Publié le 14/03/2026 à 07:00
Le pétrolier Luojiashan est ancré à Mascate, alors que l'Iran promet de fermer le détroit d'Ormuz, dans un contexte de conflit entre les Etats-Unis, Israël et l'Iran, à Mascate, Oman, le 7 mars 2026.
REUTERS
Dans le chaos créé par les drones iraniens et les missiles occidentaux, l'idée a vite fait "pschitt". Donald Trump espérait relancer le trafic maritime dans le détroit d'Ormuz en proposant un système d’assurance bon marché. Mais comme souvent avec le président américain, les discours enflammés peinent à se traduire par de véritables avancées sur le terrain. Spécialiste de la politique américaine au Cato Institute, Tad DeHaven décrypte pour L'Express le schéma de pensée du président américain, son désir de créer un fonds souverain qu’il pourrait gérer à sa guise sans l'aval du Congrès, mais aussi les nombreux problèmes soulevés par la gouvernance trumpiste.
L’Express : La proposition de Donald Trump visant à réduire le coût de l’assurance pour les navires transitant par le détroit d’Ormuz, est-elle adaptée à la situation ?
Tad DeHaven : Pas vraiment. Il s'agit d'un problème lié au risque de guerre, et pas simplement d'un manque d'argent. Les assureurs procèdent à une réévaluation agressive des tarifs. Les menaces physiques persistent, même si la Lloyd's a déclaré que la couverture dans le Golfe "restait actuellement en place", ce qui signifie que le marché est sous pression mais pas absent. Ce que Trump a décrit se présente comme une protection universelle et bon marché pour tout le commerce maritime. Or ce que la Société financière internationale pour le développement (DFC), qui doit servir de support à cette politique, a réellement annoncé, c'est un mécanisme de réassurance beaucoup plus restreint destiné à des navires répondant à certains critères avec des couvertures limitées. Cela peut aider à la marge, mais ne permettra pas de rétablir un trafic normal si les armateurs continuent de penser que le danger est trop grand.
En quoi cette annonce est-elle semblable aux autres interventions du président américain ?
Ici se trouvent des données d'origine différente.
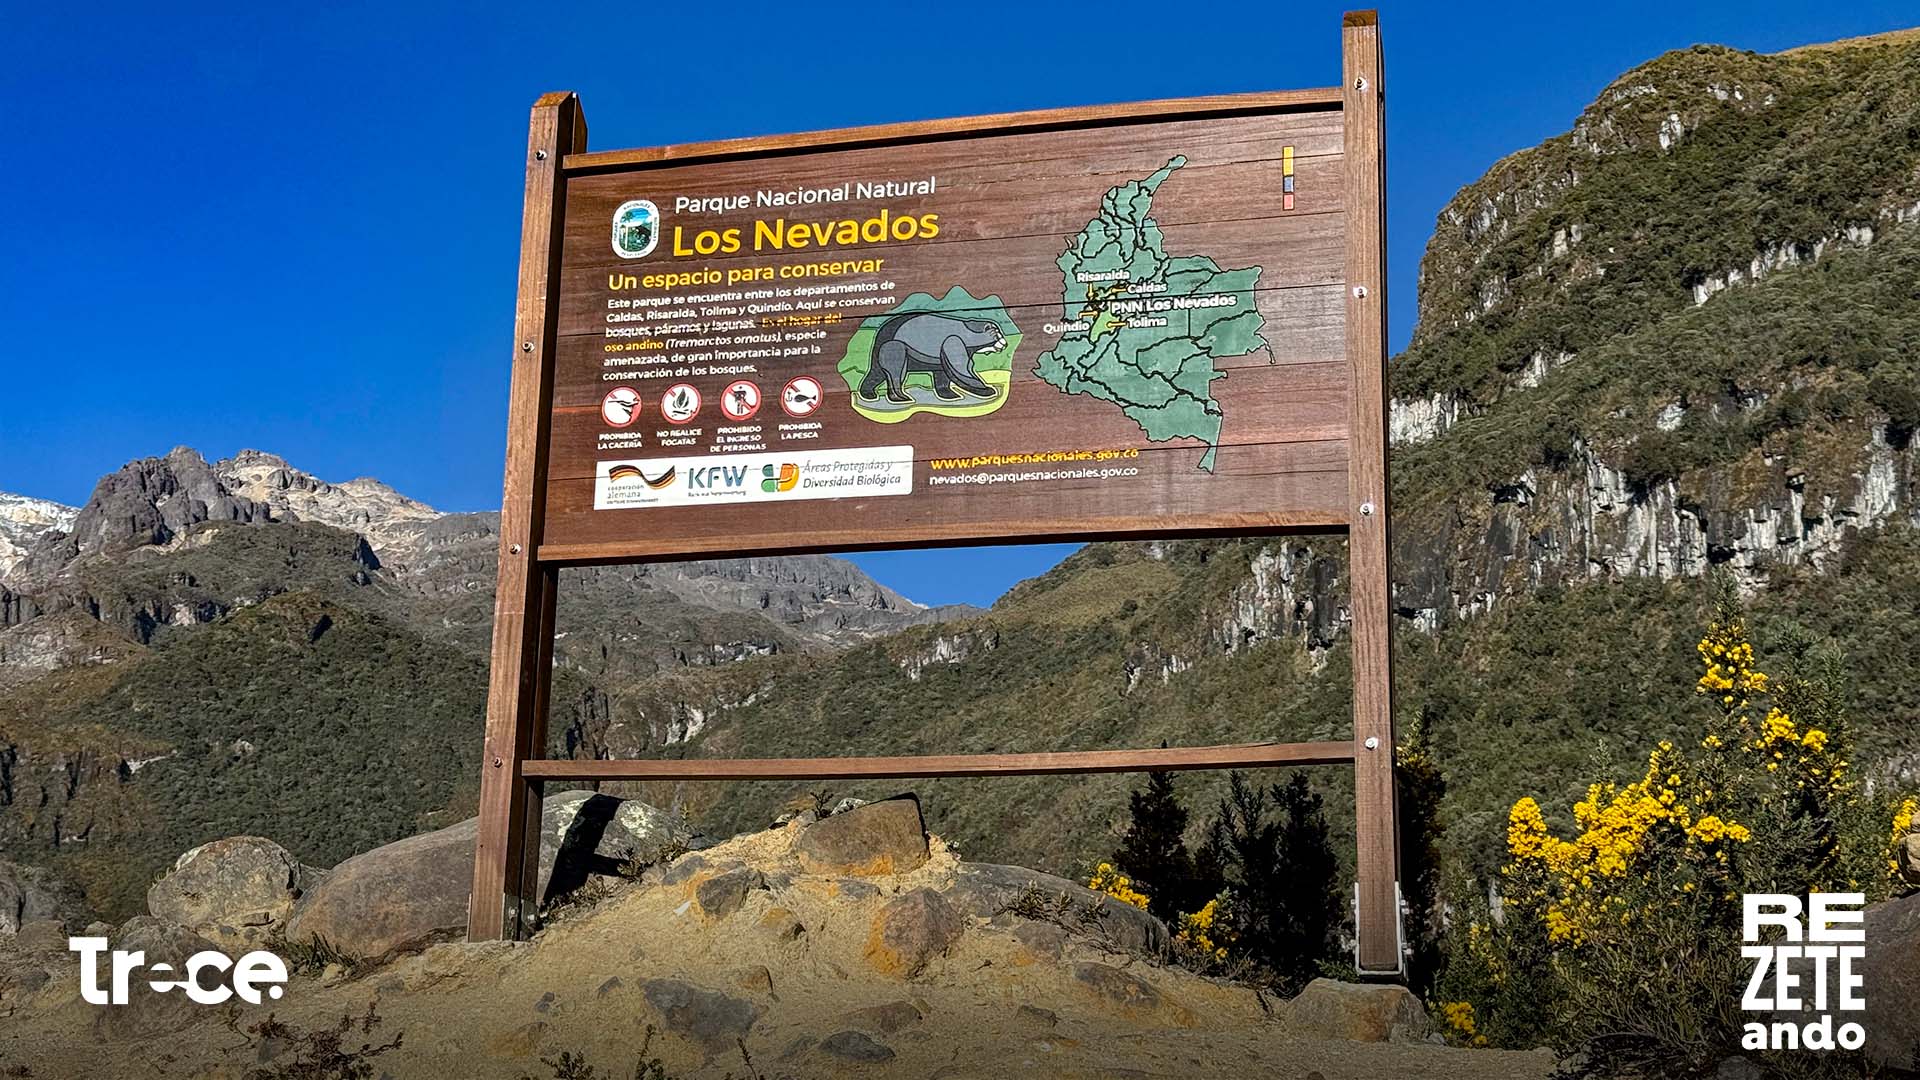 Parque Nacional Natural Los Nevados, Murillo, Tolima.

Parce qu'elle suit le schéma habituel. Donald Trump commence par une déclaration radicale qui implique un contrôle personnel sur un problème ou une réserve d'argent, puis la bureaucratie se met en quête d'un mécanisme plus restreint qui puisse s'inscrire de manière plausible dans le cadre de la législation existante. Dans le cas du détroit d’Ormuz, le président américain a promis une assurance et des garanties à un prix très raisonnable qui bénéficieraient à tout le commerce maritime. Quelques jours plus tard, la DFC a lancé un programme de réassurance plus conditionnel, assorti de critères d'éligibilité, de couvertures limitées impliquant des intermédiaires privés.